Nonetheless, this is not the path that I or many others choose to follow. With in-game technology advancing at an astronomical rate, we’ve seen visual fidelity in games like Assassin’s Creed Valhalla or mechanical perfection in something like Apex Legends, which was simply not possible to this extent just ten years ago. As futuristic as it may sound, the level of technical quality today is higher than in the past and it is all the more difficult to take a step back.

Dead space
Dead space. Credit: Visceral Games

That’s why a remake for a game like Dead space is so important. Looking at the gameplay of the original Resident Evil 2 revealed an experience that would have bored me from the first hour. However, Capcom’s 2019 remake became one of my favorites that year. Growing up in a post-2010 gaming era, which is increasingly becoming the case as the popularity of games increases, studios need to look at what works and what doesn’t through a modern lens.

I want to experience Isaac Clarke’s fight for survival in all the bloody glory – with gunges dripping down the walls, screaming necromorphs, and plasma cutters burning viscerally through the slippery limbs. And I want it all with 3D sound, haptic feedback, and resolutions good enough to blur the lines of my TV and reality.

Of course, all of these may be superfluous. I had so much fun in polygonal games like Gang of beasts like I got in photo-realists like God of War. The main story and the gameplay loop must be there before anything else matters. But for atmospheric games like Dead space or resident Evil, these technical advantages not only bring games from the 90s and 2000s to the present day, but also fully realize the vision of time-limited games. And the gaming industry is starting to realize this.

Take this principle and apply it to Dead space, a remake would allow me and many others to experience the story of Isaac Clarke in all its bloody splendor. I want to hear screams echoing through the halls of USG Ishimura in 3D audio. I want to feel my Plasma Cutter’s every shot with haptic feedback as it weaves its way through another limb of a necromorph. While these details may be present in the original in one way or another, through a modern lens, they will pale in comparison to what is possible now.

Dead space 1
Dead space. Credit: Visceral Games

Through the rush of remakes, remasters, and next-gen upgrades, we’re starting to see an industry suited to showing new players what they’ve been missing out on. With next generation upgrade coming for The Witcher 3: Wild Hunt this year, full-fledged remake rumors are circulating The last of us, and even improved Xbox performance through backward compatibility, the remake revival is in full swing.

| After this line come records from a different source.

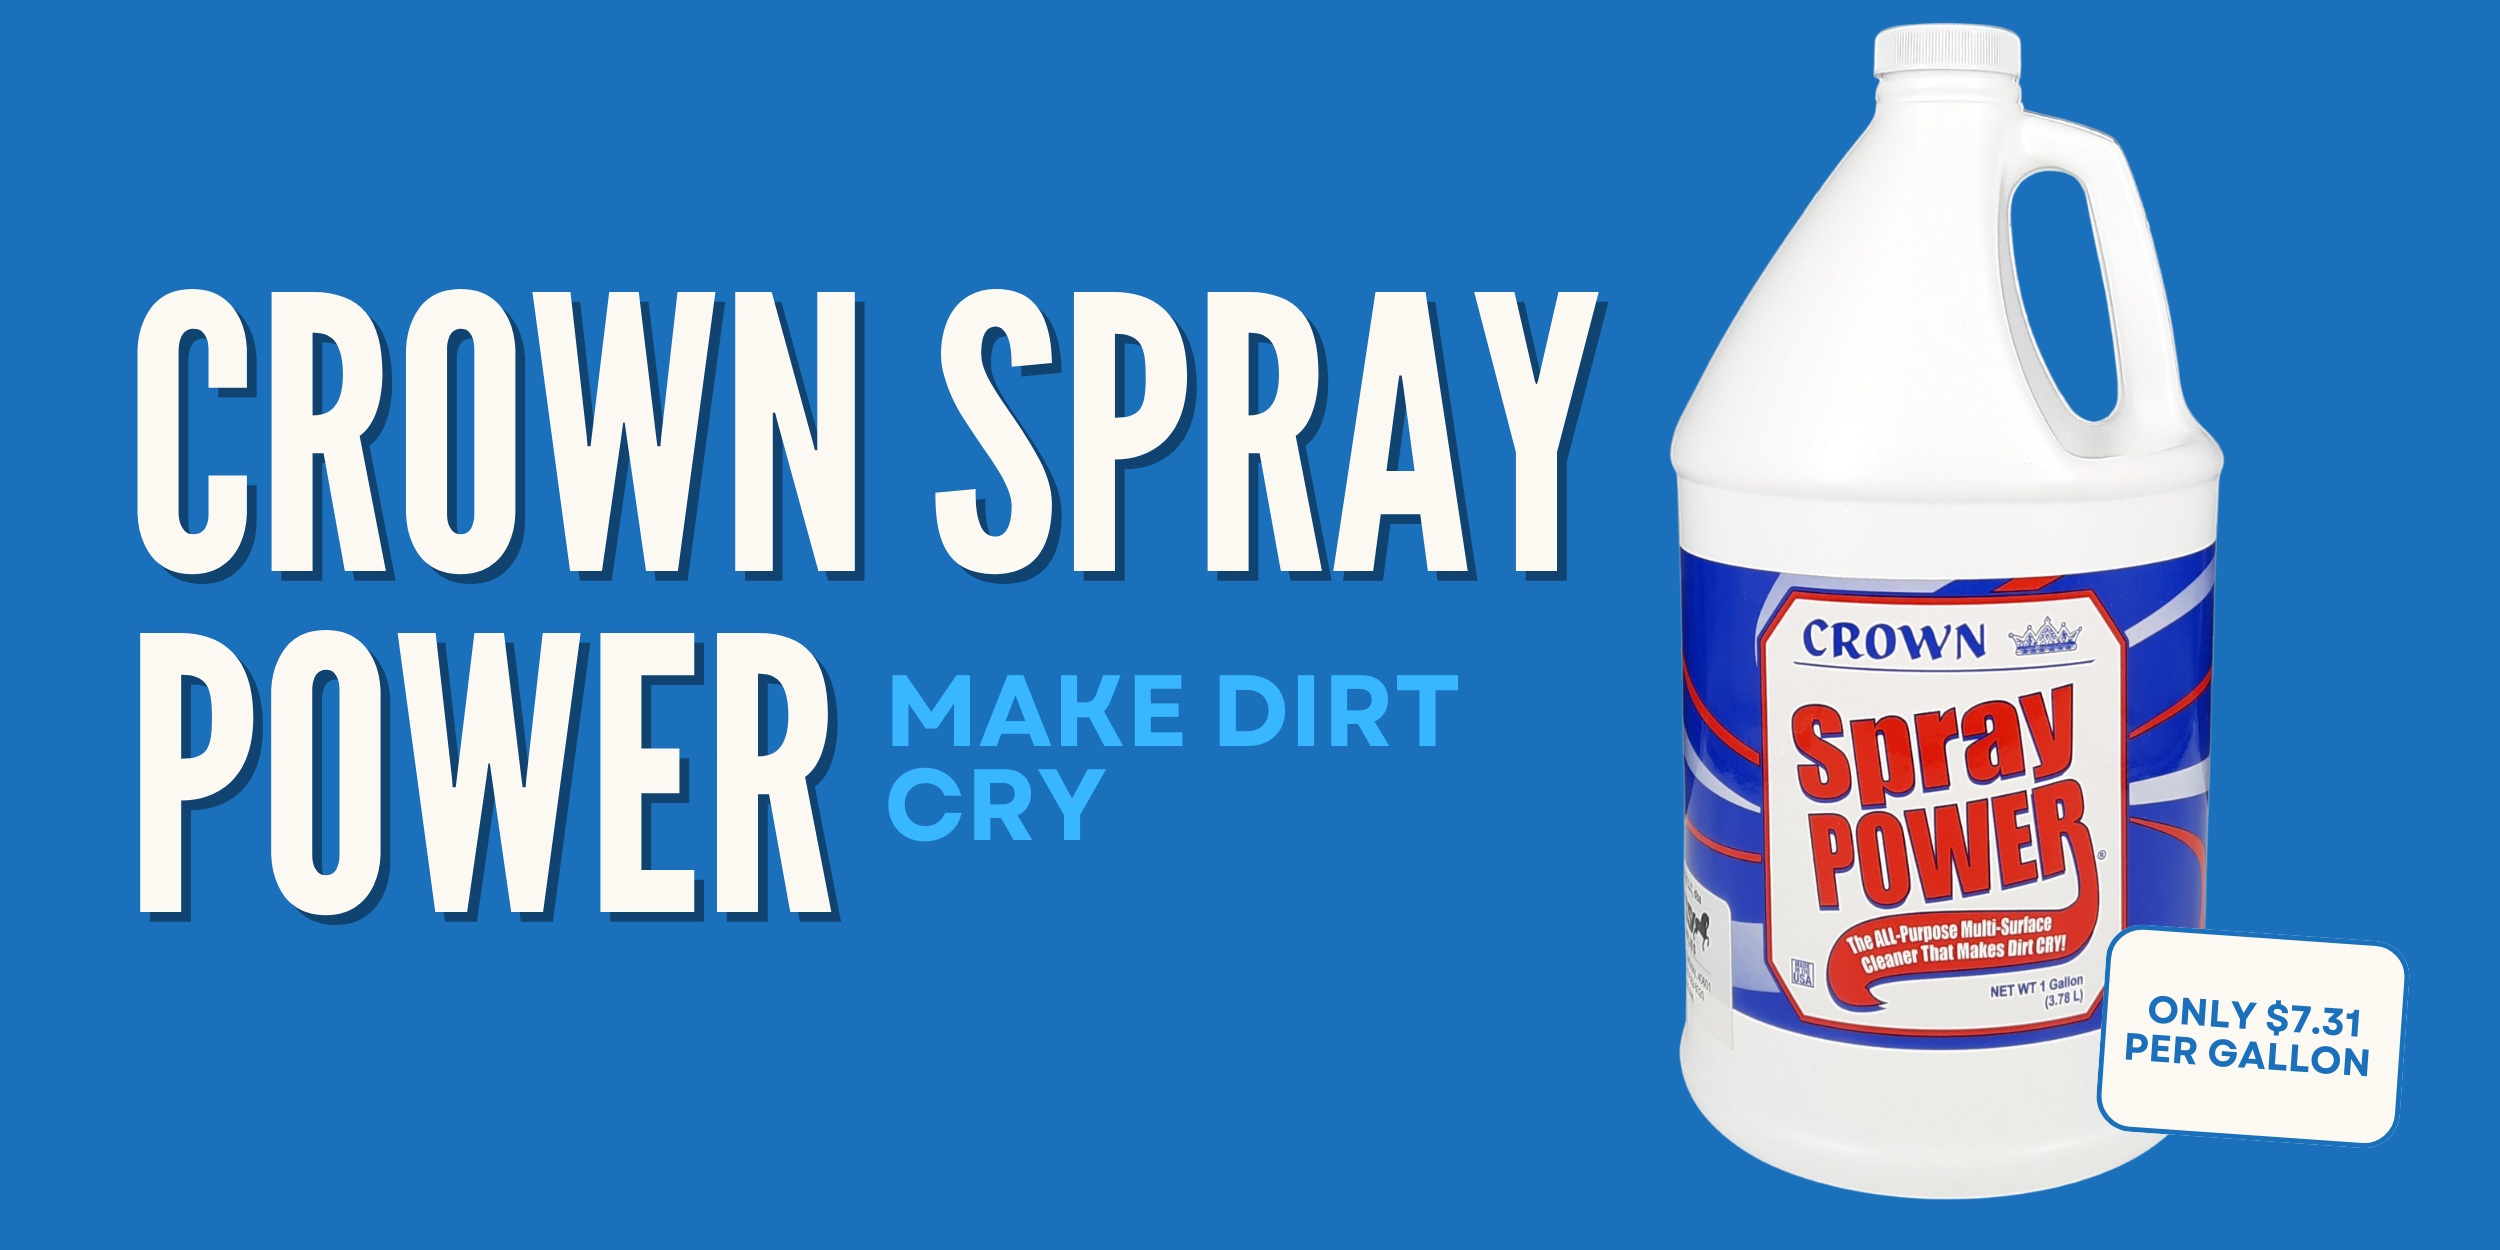 Crown Spray Power
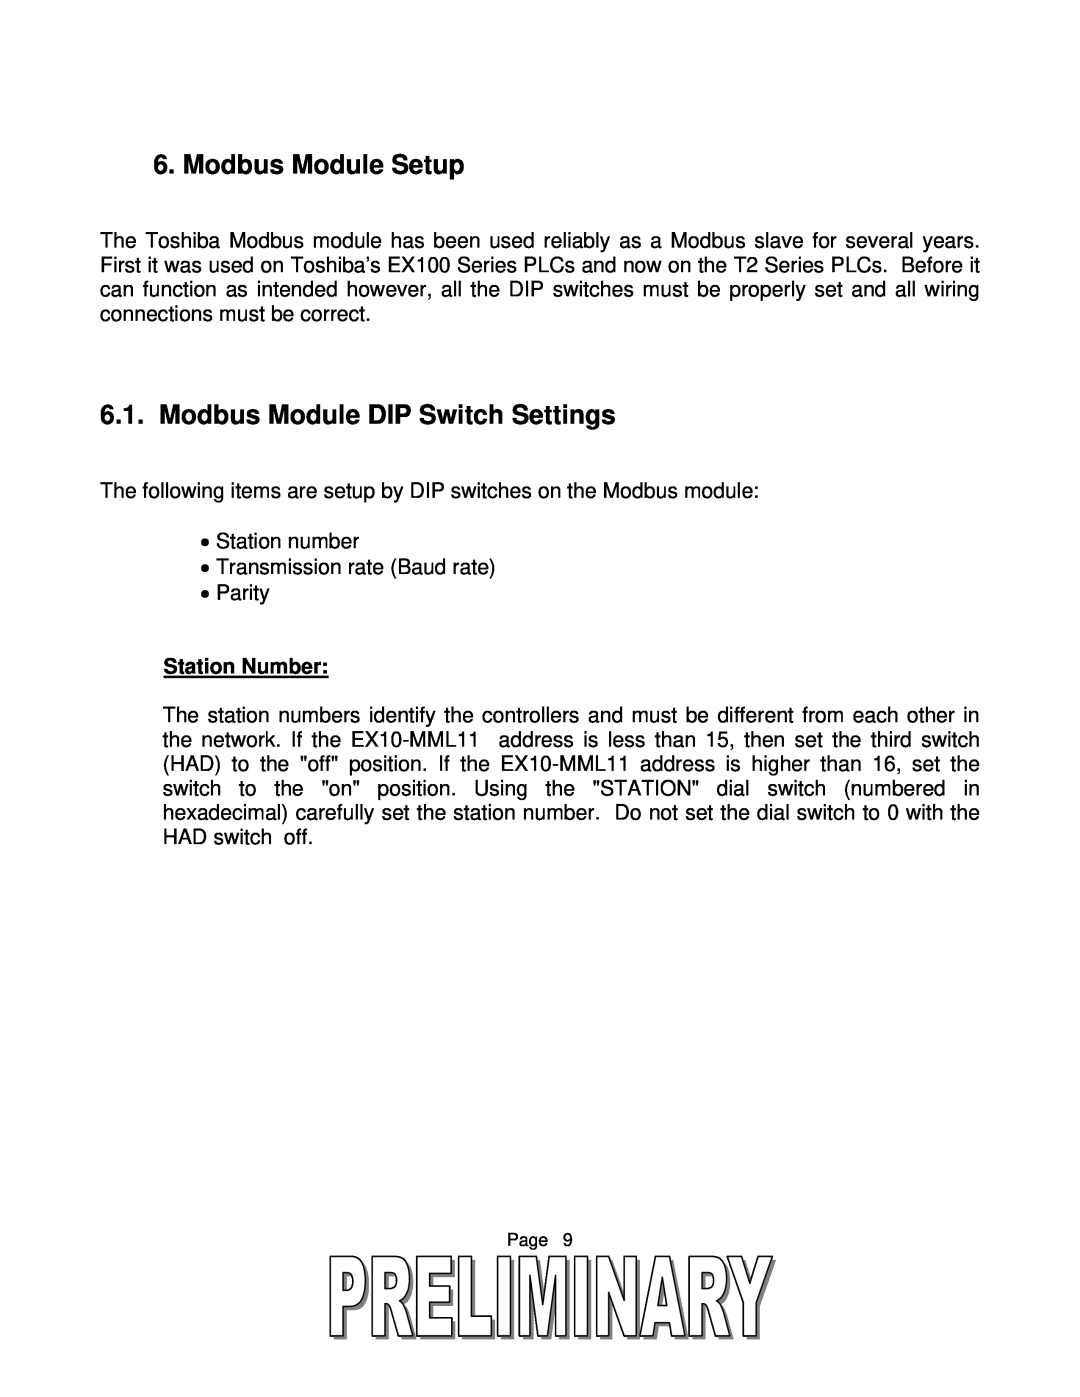 Toshiba T2 Series user manual Modbus Module Setup, Modbus Module DIP Switch Settings, Station Number 
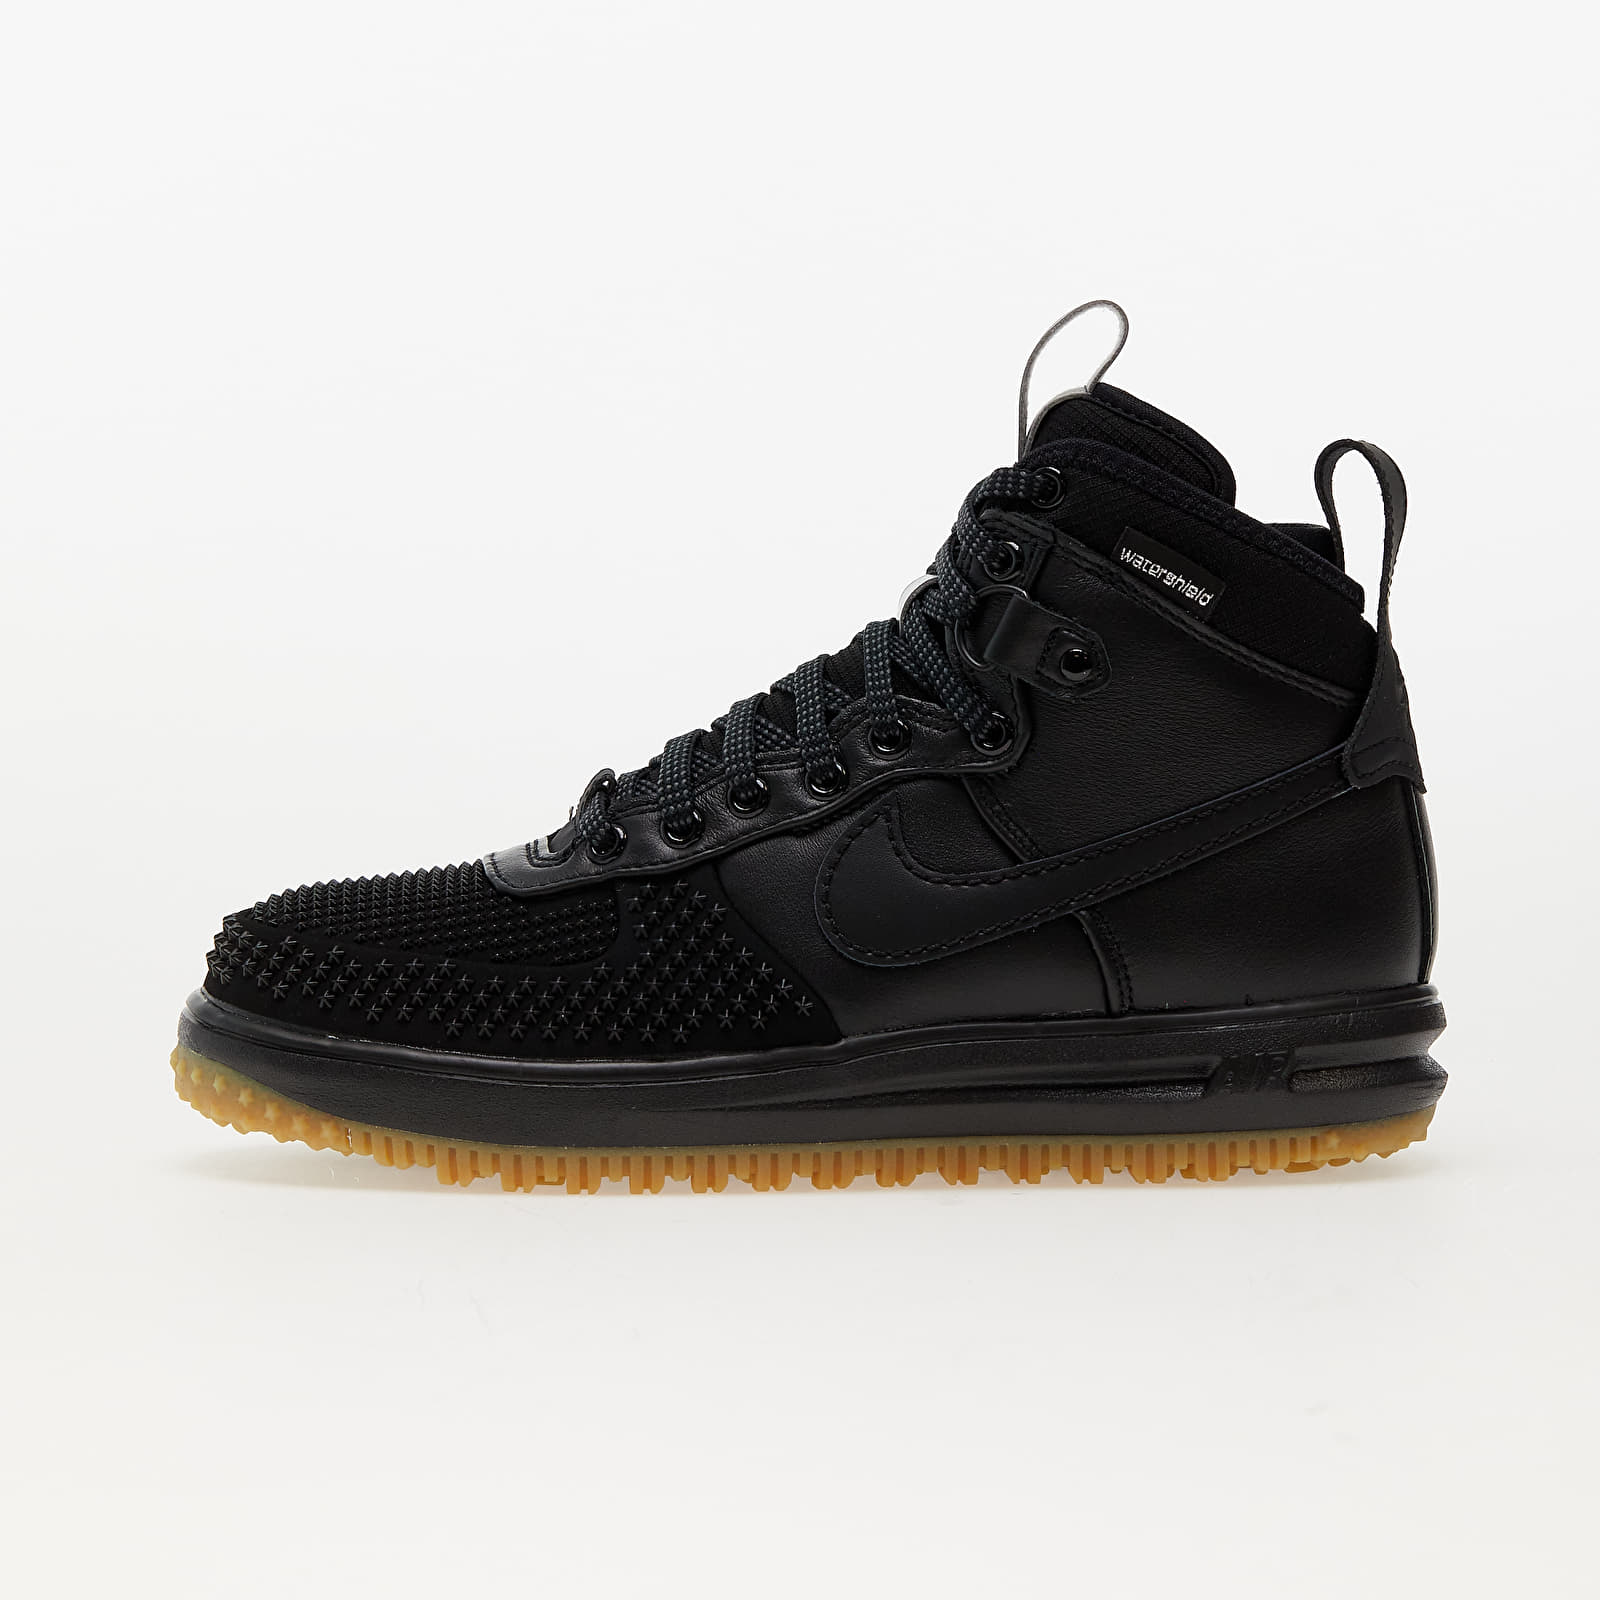 Men's shoes Nike Lunar Force 1 Duckboot Black/ Black-Metallic Silver-Anthracite

This is a fantastic direction for the industry, as for years games have been left in the dust of bigger, better, and more technologically advanced successors. And as gamers get used to higher resolutions, improved frame rates, and more advanced mechanics, it becomes more difficult to convince anyone to play something that is lacking in all of the above.

The nature of the gaming industry is and always will be an ever-advancing and ruthless machine. However, with remakes like Dead space, developers find a way to keep what came before. Reviving franchises like this gives me hope to discover more like Metal gear or silent Hill – come on Sony, your move.

Ultimately, however, this is a celebration of video games. Simultaneously celebrate how far we’ve come, while inviting a new era of gamers into closed conversation across time. And sometimes, it turns out that those conversations are about ferocious undead necromorphs.

EA Motive’s Dead Space remake is coming at some point in the future.